They turned the corner of the haunted wing. Sarah said,

“No—I didn't know. She gave it to me. I didn't know what it was.”

“Didn't she tell you?”

She shook her head.

“No. She put it in my bag. I didn't find it till afterwards.”

“Then why did you hide it?”

Sarah spoke the exact truth.

“Because of the police. I was afraid of losing my job.”

The beam of the torch ran ahead of them and showed the gate standing as she had left it, open to the courtyard. She could see it now, a solid wooden gate with a heavy bolt top and bottom. It seemed a strange thing that there should be bolts like that on the outside. Mr. Brown flicked the beam from one to the other.

“Wondering why they're outside?” he enquired. “Everyone does. The last owner had his wife here—mad for a dozen years before she died. He had the bolts put on. They used to let her out for a bit of air and exercise—quite safe, you know, because nobody could get away when those bolts were shot.”

As he spoke he pushed her through the opening. There was just room for her to pass. To follow her he gave the gate a great shove with his shoulder. It creaked, moved a little wider against the snow which hampered it, and let him through. It creaked again as he banged it behind him. He had let go of Sarah now. Like the mad woman, she could not get away once the gate was shut. The two wings of the house and the block which connected them shut them in. The place was as secure as a prison yard.

Mr. Brown called out in his big voice,

“Hi, Grimsby, shoot those two bolts! You can come in by the front door—it isn't locked.”

Sarah stood just clear of the gate. She wondered vaguely what would happen next. She thought they would kill her, and she wondered how. She wondered whether it would hurt. She thought it was a pity that she had not been killed when the car ran into the ditch.

There was a grating sound as the bolts went home. Mr. Brown turned round from the gate and took her briskly across the courtyard with his hand on her arm again.

The side door was unlocked.
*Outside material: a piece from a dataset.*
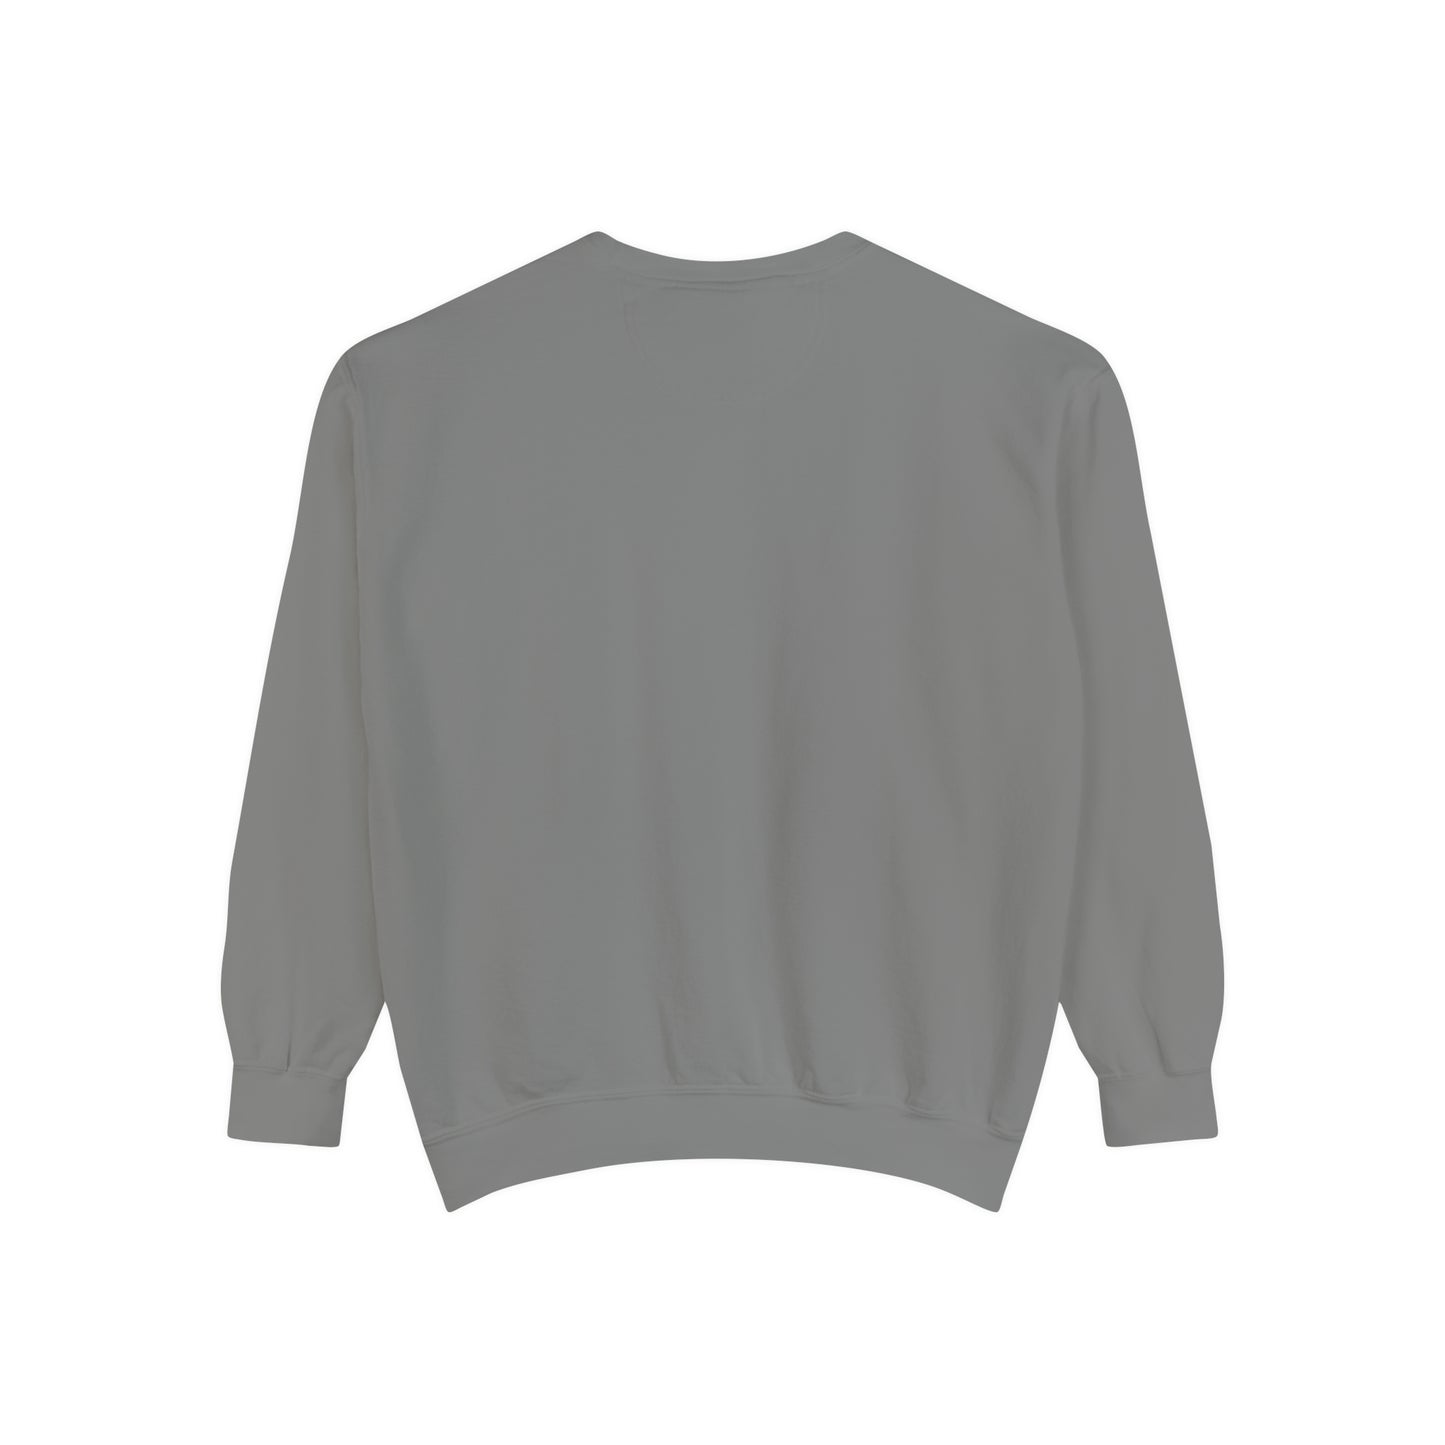 Spooky Season Ghost Garment-Dyed Sweatshirt

She remembered how she had come out, full of fear, and haste, and anger against John Wickham. All these things were gone. There was neither fear, nor haste, nor anger left. Everything had happened. She had only to die.

They went along the passage to the open kitchen door. Light and heat streamed to meet them. Mr. Brown said affably,

“You don't know how cold you are till you come in by a fire—do you?” And then he laughed, and Sarah felt again the touch of a horror which had no name or reason.

The kitchen was bright and very hot. There was a bracket-lamp with a tin reflector above the chimney-piece, and a standing lamp with a glass globe on the dresser. A big fire roared in the range. Mrs. Grimsby was pouring boiling water out of a kettle into a brown teapot with a bright blue band. She was vast and shapeless in a flowered overall and an old beige knitted coat. Her grizzled hair straggled untidily from an ugly bunched-up bun half way up her head. She had her back to them, and she went on making tea.

Another woman had been sitting at the kitchen table. She got up as they came in. As soon as Sarah saw her she knew who had played the part of Emily Case in the haunted room. There must have been a door in that corner by the fireplace, hidden by the panelling, and she had come through it to stand there and play the ghost. The battered hat and the black coat with the grey fur collar lay across one of the kitchen chairs. She wondered who the woman was. She was not really like Emily Case, but she had been chosen to play her part by someone who knew what Emily Case looked like. She was the right height, and the clothes were right—of course there must have been photographs in the papers. She had held a handkerchief up to her face.

Mr. Brown brought Sarah into the room with a genial air of triumph. He said, “Well, here she is!” as if he were announcing an expected guest.

The woman by the table looked at them. She had light eyes in a pale face. There was a sharp malice in them, and something else—was it expectancy?

“Delightfully warm in here, isn't it?” said Mr. Brown.

Mrs. Grimsby turned round with the teapot in her hand. She came over to the table and set it down. There was milk in a white jug with a broken lip, and an odd flowered bowl with sugar. There were two willow-pattern cups. In a detached way Sarah found herself feeling sorry for Mrs. Grimsby. She had the look of a woman who has forgotten how to smile. Her heavy face had no colour and no expression. All her movements were slow and burdened. She said without looking at anyone, “Two more cups, Annie,” and began to pour tea into the two that were already there.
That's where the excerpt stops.